Does anyone know how to do this properly, if it is even possible?

The only reason you are seeing "good" performance is that it's not doing anything :frowning:

I dunno if this will work as grok will probably try to look that pattern up in the directory you specified, not using the pattern you pulled from the translate plugin.

This blog post might help with the other method though - http://ghost.frodux.in/logstash-grok-speeds/

I'm not sure if its possible to use a value of a field as a option for a filter like that.

But I love the translate filter, it is one of the most useful and underrated filter there is. For example I had a text file some megabytes big that had IP reputation information in it and had the translate filter match incoming firewall logs if the IP in the log was a part of the reputation list.

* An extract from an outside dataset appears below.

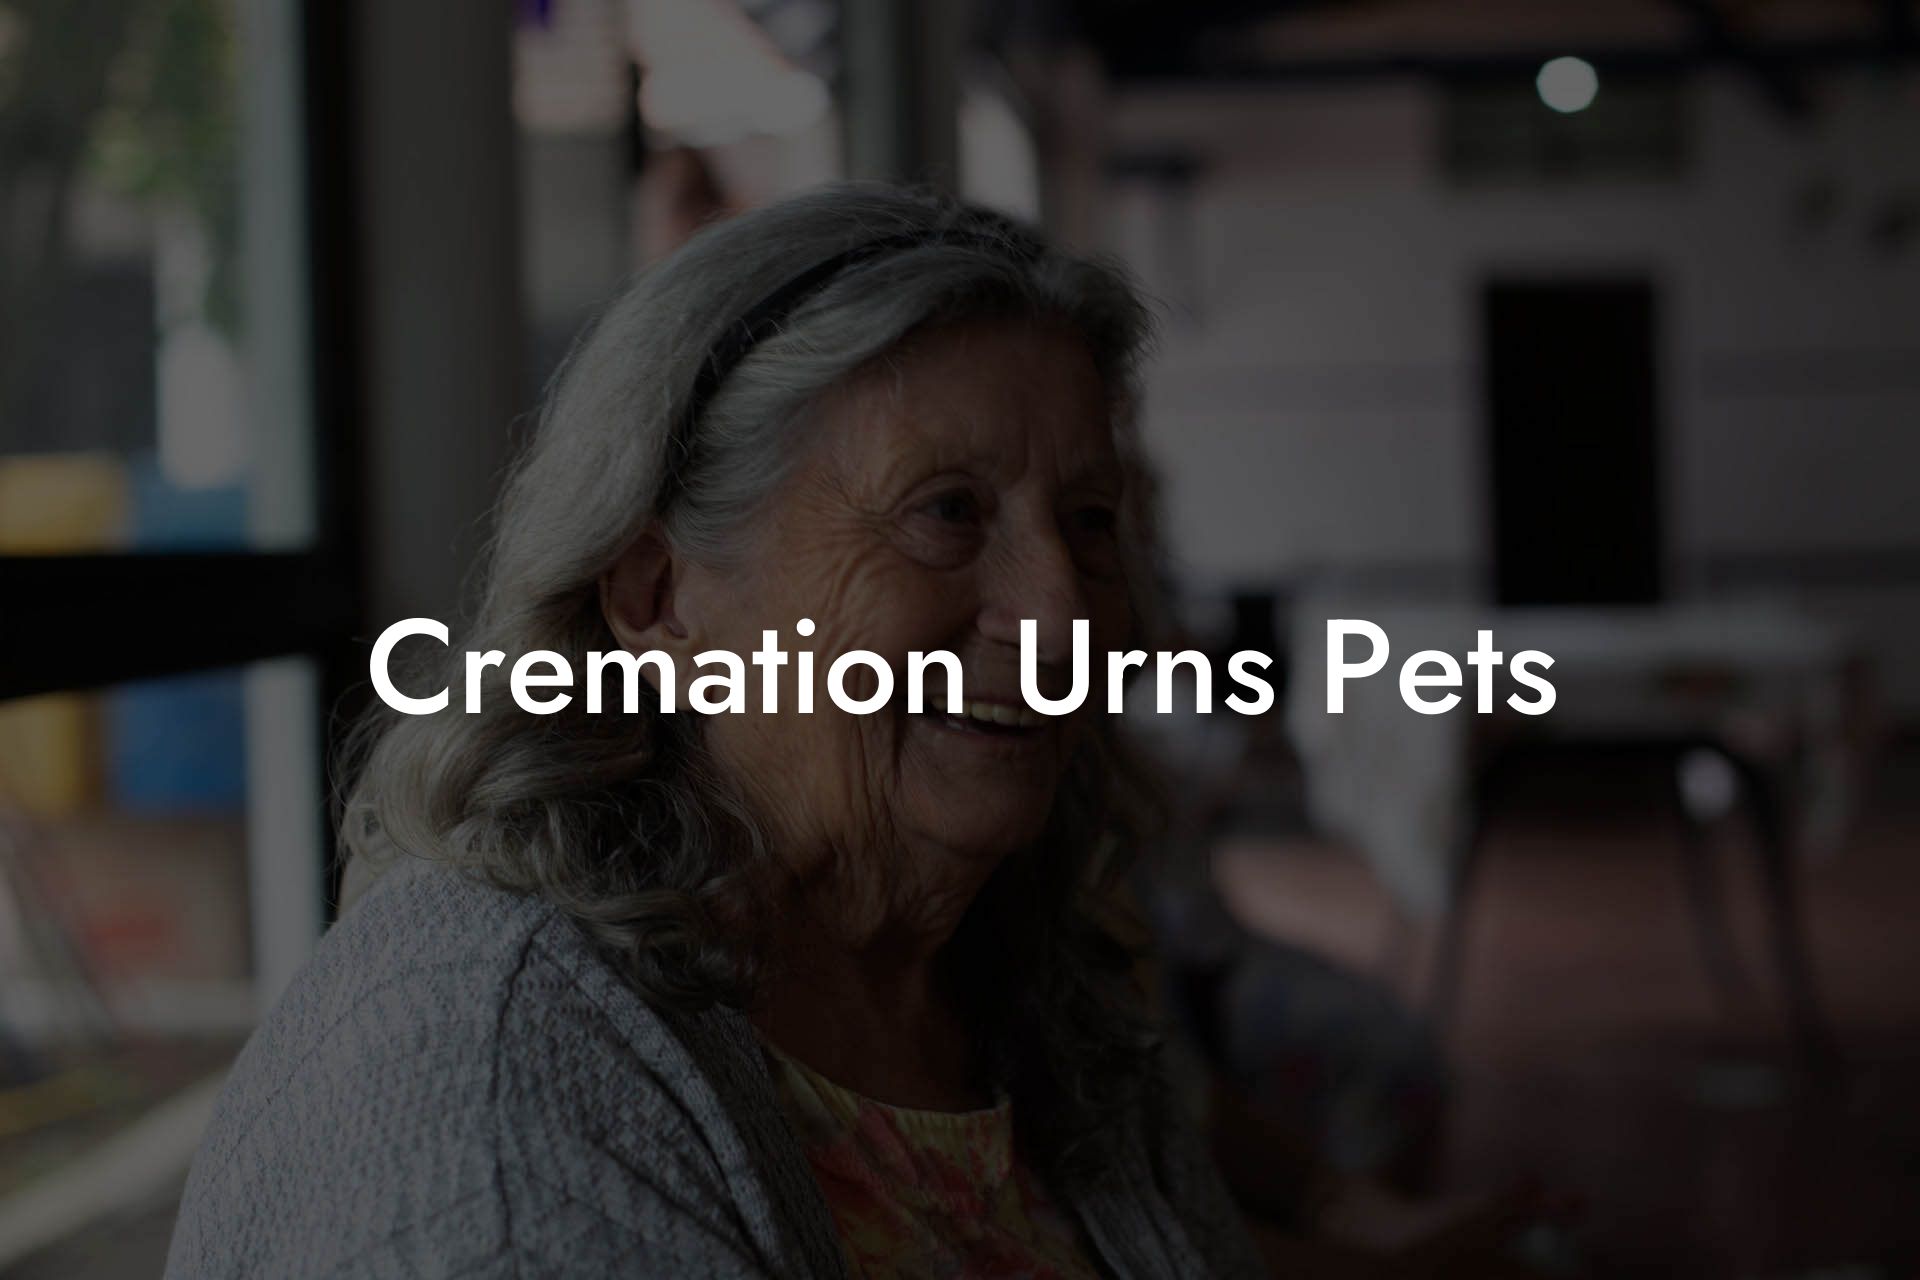 Cremation Urns Pets

In your case I would still go with the big if then else construct but I would split it into multiple config files. First one would be called 01start.conf that would do minimal grok or regex to categorize and tag each event. Then add whatever config files you need that would start at 02firewall.conf. Each config would start with a if tag is something do specific grok. End it with a general 99output.conf or have each specific config file handle the output part.

Agreed :slight_smile:

Thanks for the reply :slight_smile:

I've seen that link, but thought that since we're already getting 4000msg/s it couldn't really be relevant since that is talking about going from 50/s to 600/s, but I'll revisit it and actually do some tests.

Thanks for replying :slightly_smiling:

Reworking the config file as you suggest was indeed one of the things I was going to do to make some things easier to manage.

Still, being able to just look up the appropriate pattern to use is quite elegant, IMHO, and makes for more concise config files, which is always nice.

Plus you can modify the external translate dictionary without having to reload/restart Logstash.

Plus plus you can use the fields created with the translate field can be used in conditionals. So you can automate how the translate dictionary looks and therefor automate how events flow through the logstash pipeline.

Elastic should have the translate filter as a default plugin, it is that good, it is that powerful.

Agreed in full :slight_smile: